SimpleTool / simpletool-game.skill.md

Update simpletool-game.skill.md

945db12 verified 1 day ago

10.4 kB

	# SimpleTool Skill — Real-Time AI Application Development

	> This is a skill file. Feed it to any AI coding assistant (Claude, Gemini, GPT, Cursor, etc.) as context, then describe the app you want. The AI will generate a working SimpleTool-powered application.
	>
	> Example prompt: "Read the attached SimpleTool skill, then build me a Pong game where AI controls one paddle in real-time."

	---

	## 1. What is SimpleTool?

	SimpleTool is a multi-head parallel decoding server for real-time LLM function calling. It runs on vLLM and decodes function name + arguments simultaneously instead of sequentially.

	```
	Traditional: function → arg1 → arg2 → ... (sequential, ~200-500ms)
	SimpleTool: [function, arg1, arg2, ...] (parallel, ~25-60ms)
	```

	Application domains: game AI, robotic arm control, digital human animation, IoT automation — anything that needs < 100ms LLM decision-making.

	## 2. Server API

	Server default: `http://localhost:8899`

	### Endpoints
	\| Method \| Path \| Description \|
	\|--------\|------\|-------------\|
	\| GET \| `/health` \| Health check, returns `{status, version, model}` \|
	\| POST \| `/v1/function_call` \| Multi-head parallel function call \|

	### Request Format (v2)
	```javascript
	{
	messages: [{role: 'user', content: 'your query'}],
	tools: [...], // OpenAI-format tool definitions
	system: "domain prompt", // Domain-specific system prompt (v2)
	environment: [...], // Current state info (string array, optional)
	history: [...], // Action history (string array, max 6)
	include_content_head: false // Whether to generate <content> head
	}
	```

	The `system` field lets you inject a domain-specific system prompt (e.g., "You are a robotic arm controller").

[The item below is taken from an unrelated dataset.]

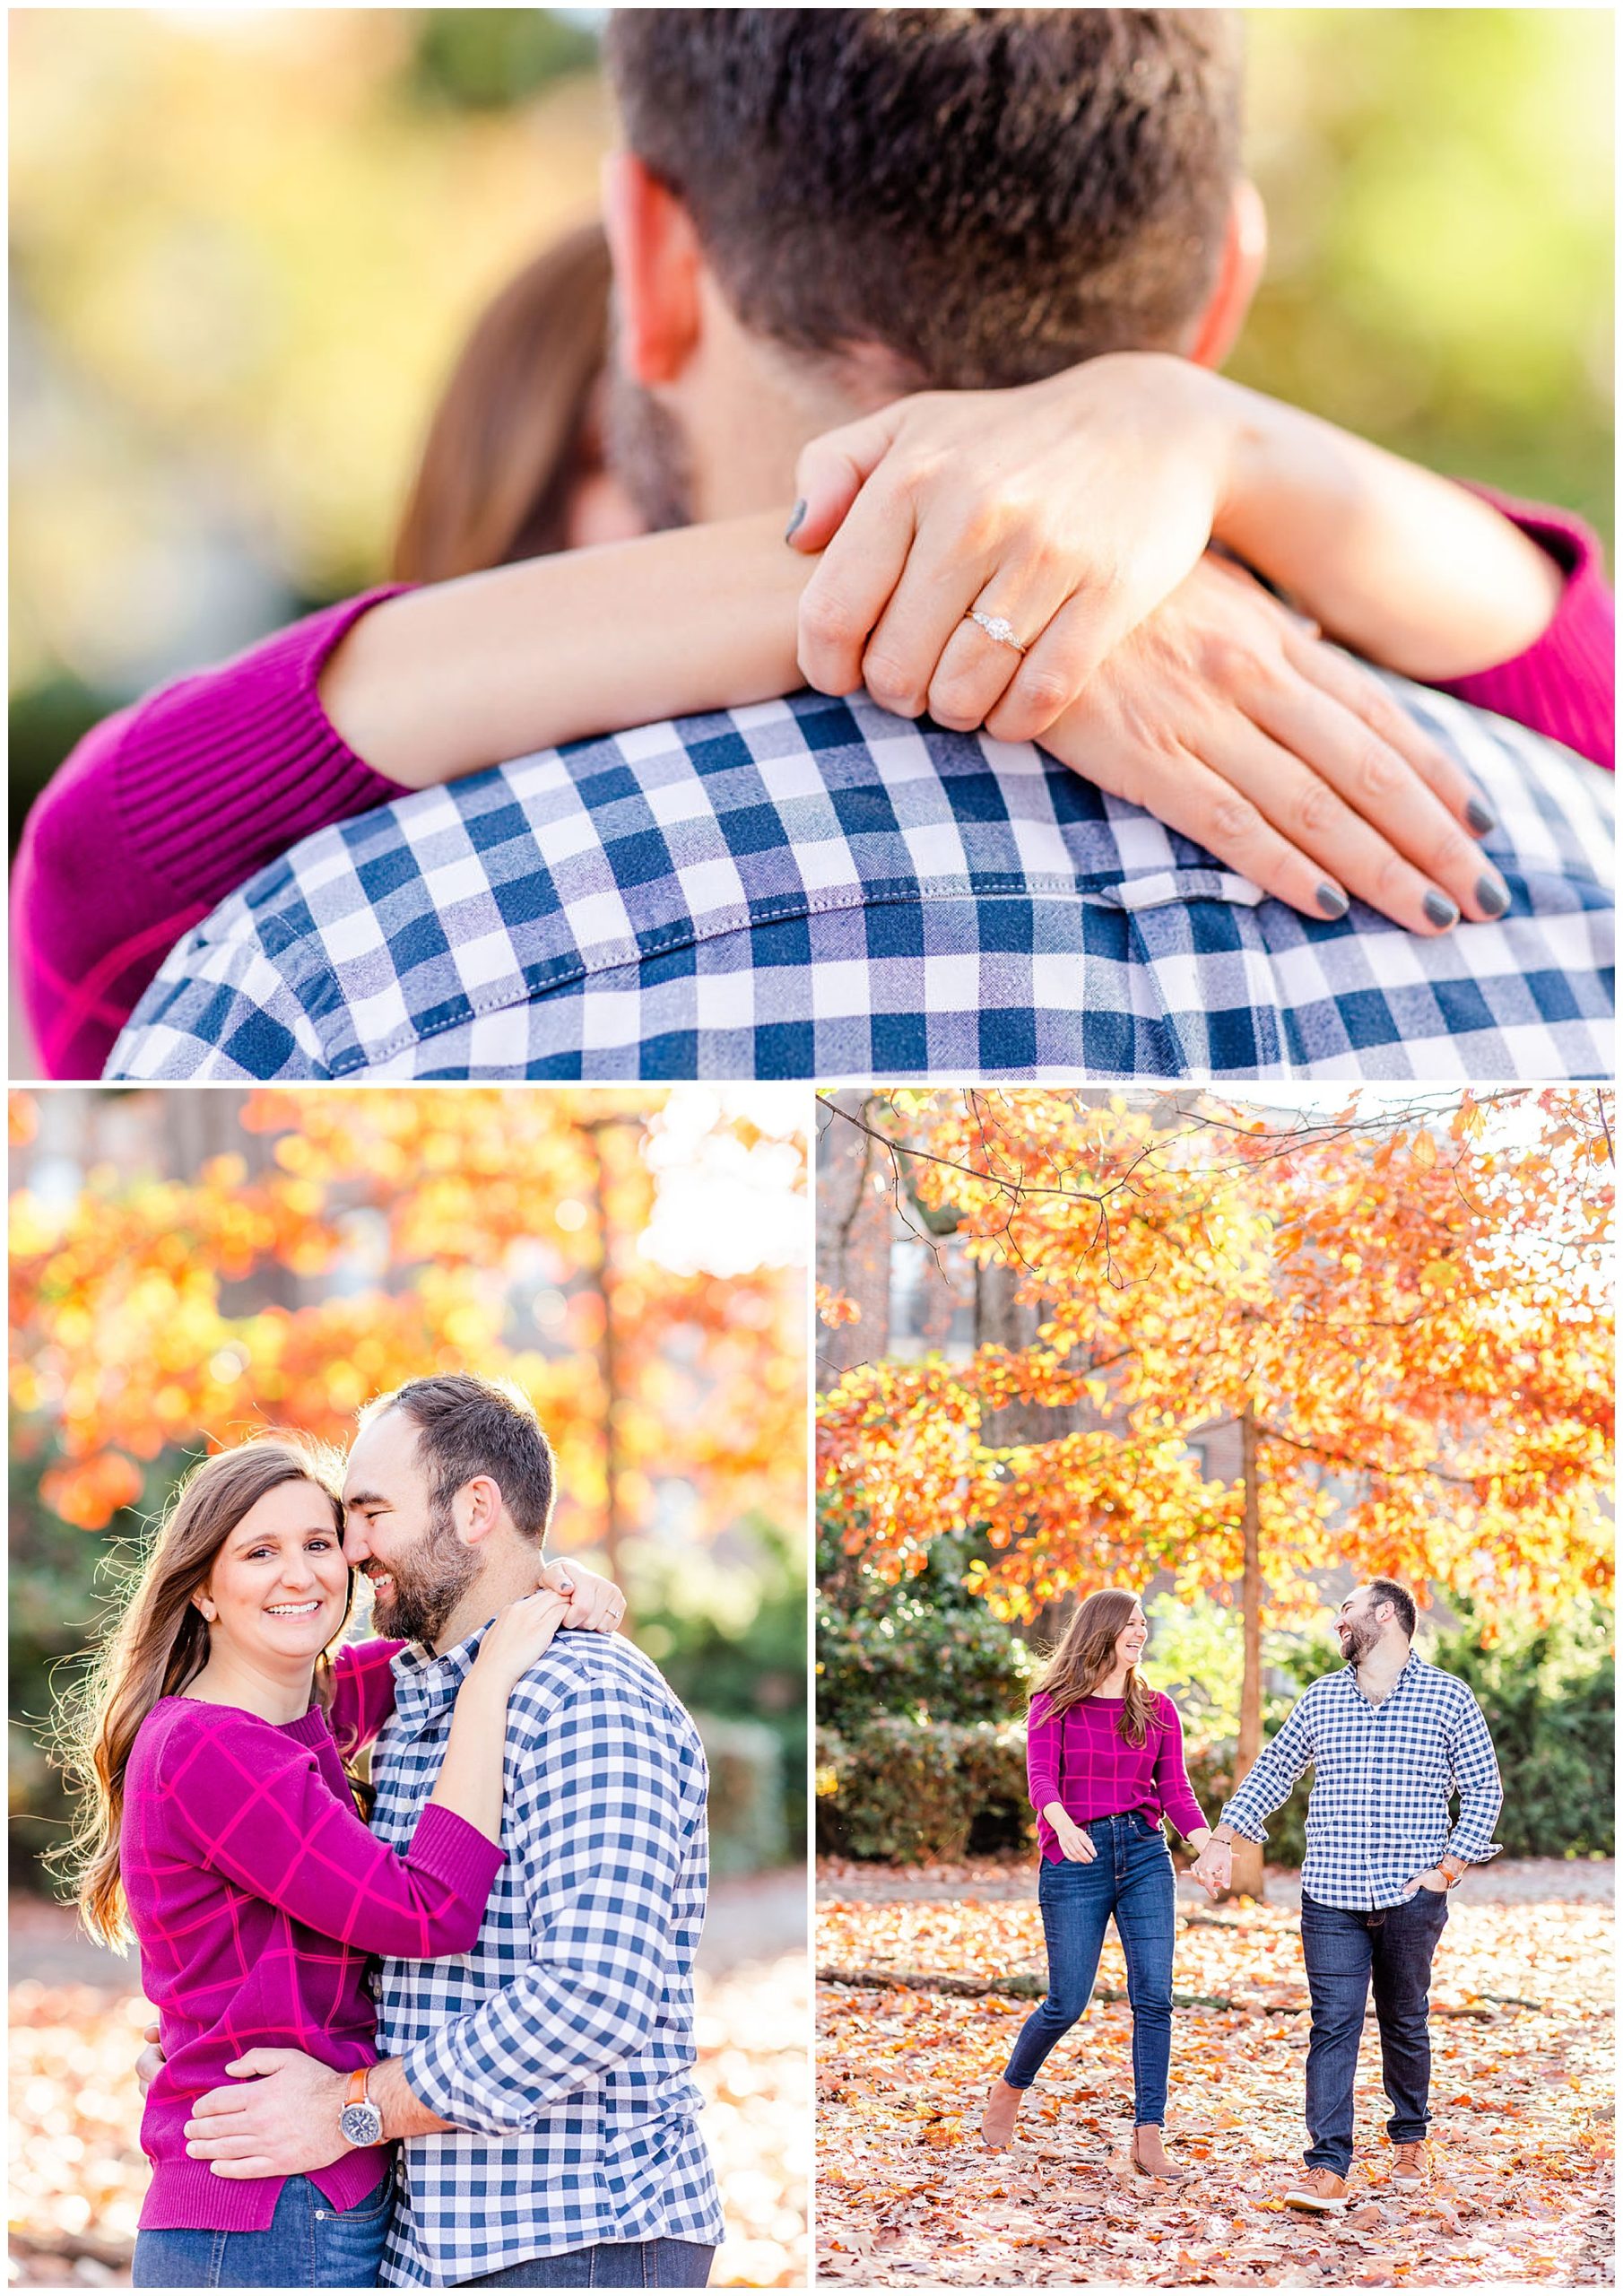 Meridian Hill Park engagement session, Meridian Hill Park DC, DC engagement photography, DC engagement photos, DC engagement session, DC engagement photographer, DC proposal photographer, DC wedding photographer, autumn engagement photos, Rachel E.H. Photography, woman with silver engagement ring, couple laughing 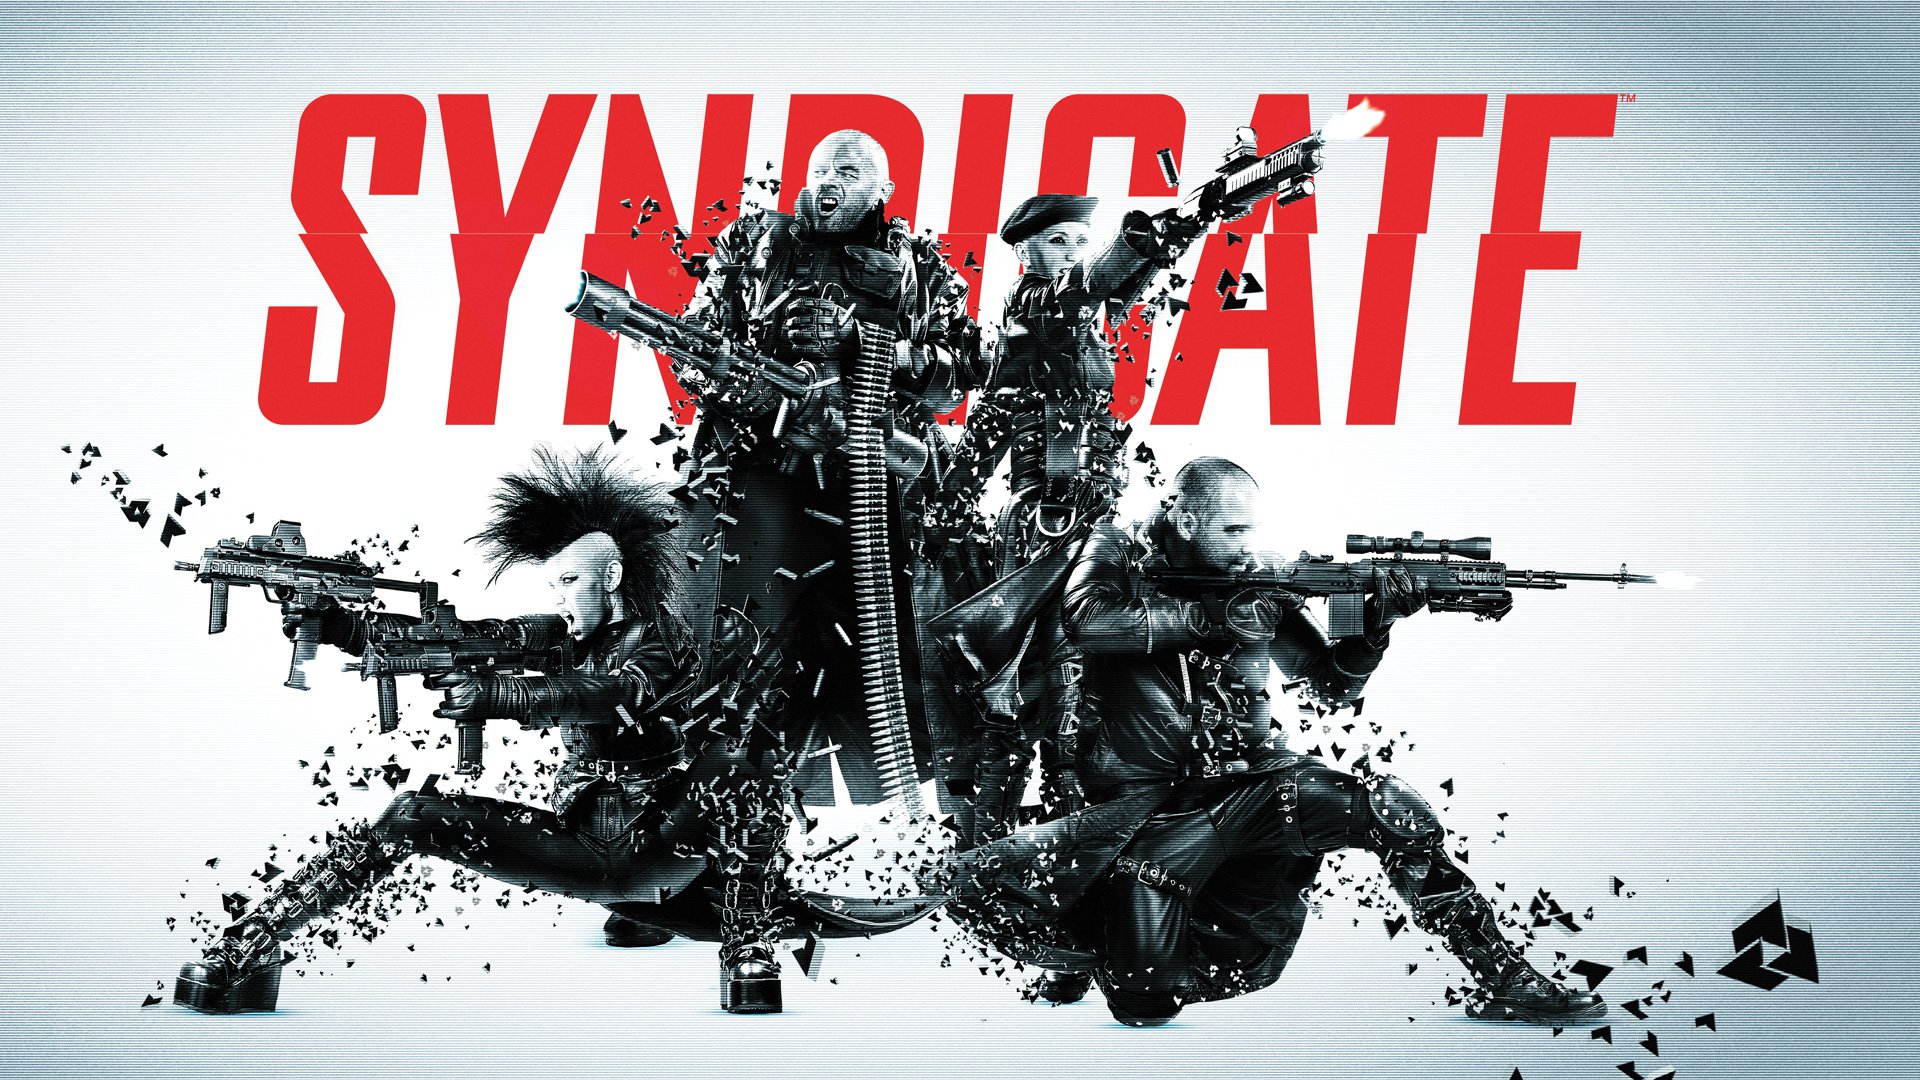 syndicate pc game crack download

If omitted, the server uses a generic default. The `environment` field is optional context folded into the user message.

	### Response Format
	```javascript
	{
	success: true,
	function: "move",
	args: {direction: "up", speed: "fast"}, // Named args (param names from tool def)
	heads: { // Raw per-head output
	function: "move",
	arg1: "up",
	arg2: "fast",
	arg3: "<\|null\|>"
	},
	content: null, // Only if include_content_head was true
	latency_ms: 35.2
	}
	```

	## 3. Dynamic Head Count (Critical for Latency!)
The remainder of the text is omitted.